De culturele malaise in Amsterdam leek compleet, enige jaren geleden. De grote musea en W139 waren dicht voor verbouwing, SMART Project Space was wegens sloop voor onbekende tijd gesloten en toen zette ook nog kunstboekhandel ArtBook er een punt achter. Maar waar een bos wordt uitgedund, krijgen jonge scheuten een kans. Nieuwe initiatieven werden ontplooid, zoals Public Space With A Roof en East66. Enkele daarvan houden nog steeds dapper stand.
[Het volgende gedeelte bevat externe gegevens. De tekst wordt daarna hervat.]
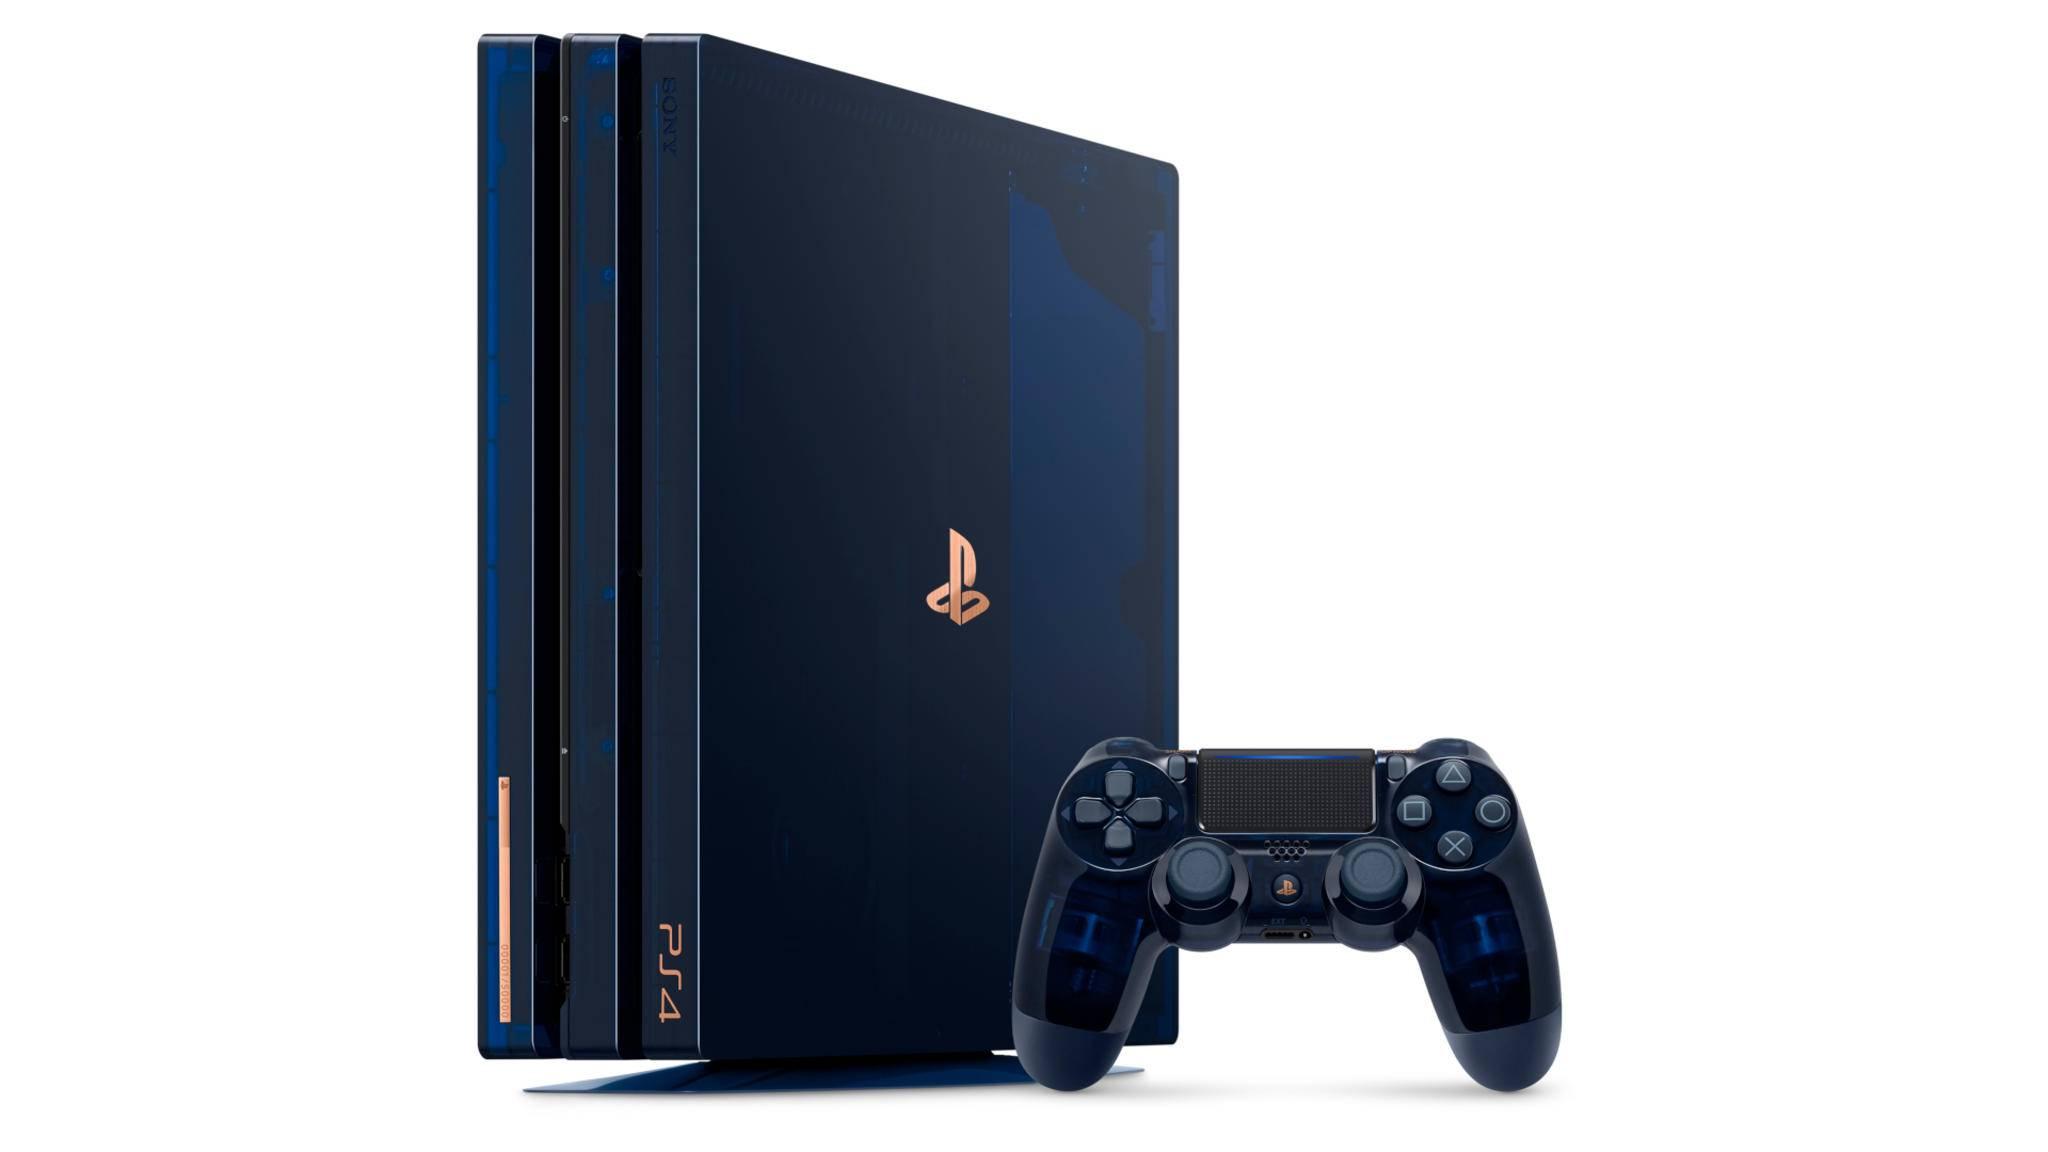 Erfolgsstory: Die PS4 klettert die Verkaufscharts empor.

Zo bleek daar ook opeens, na een korte proloog in de Pijp, tegenover de puinhopen van het voormalige Swammerdam Instituut (de oude locatie van SMART) Parijzenaar Yannick Bouillis te zijn neergestreken met zijn Shashin Bookstore. Shashin – ‘foto’ in het Japans – voert een uitgelezen assortiment boeken over beeldende kunst, design en vooral fotografie. Het kunstpubliek heeft hiermee weer een adres voor specialistische vakliteratuur. Fotokenners en -verzamelaars uit binnen- en buitenland worden aangetrokken door de unieke eerste drukken en maagdelijke exemplaren van bijna alle monografieën, catalogi en andere uitgaven die er in de fotografie toe doen.
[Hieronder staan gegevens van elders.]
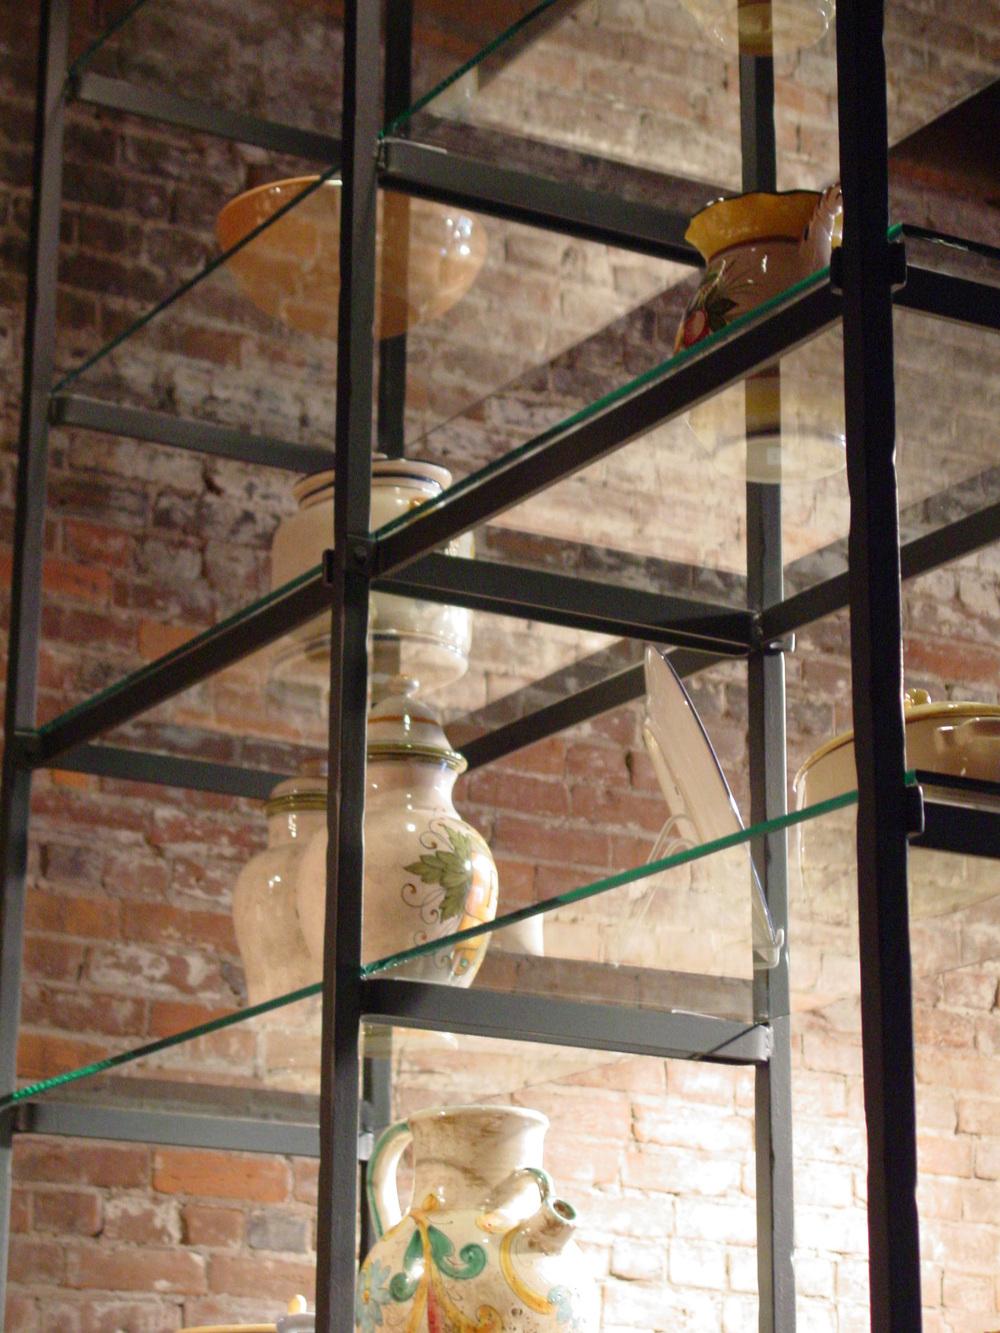 127_06_Perugino_shelves2.jpg

Minder bekend is dat Bouillis in de benedenruimte van zijn winkel sinds enige tijd ook bescheiden maar interessante exposities organiseert. Zo was er onlangs werk te zien van Susanna Brenner. Met haar presentatie bij Shashin keerde de Duitse kunstenaar terug naar een fascinatie die ze al lang heeft: de snelweg en zijn omgeving, in het bijzonder pompstations annex verzorgingsplaatsen. Brenner, die ook in het theater actief is, heeft een goed oog voor de vormgeving van dergelijke plekken, voor de codes die er gelden en voor de invloed daarvan op het gedrag van de mensen die ze bezoeken. In haar Beierse jeugd al ervoer zij een sterke discrepantie tussen de betekenis van een aan de Autobahn gelegen Raststätte voor de bewoners van de streek en voor de bezoekers op doorreis. Voor bewoners is zo’n verzorgingsplaats een non-space, een transitruimte bij uitstek. Iets wat in Duitsland en Beieren eens te meer geldt gezien de centrale ligging in Europa, de langere binnenlandse afstanden en het feit dat de wegomgeving er is ingericht als een aaneengesloten groene tunnel.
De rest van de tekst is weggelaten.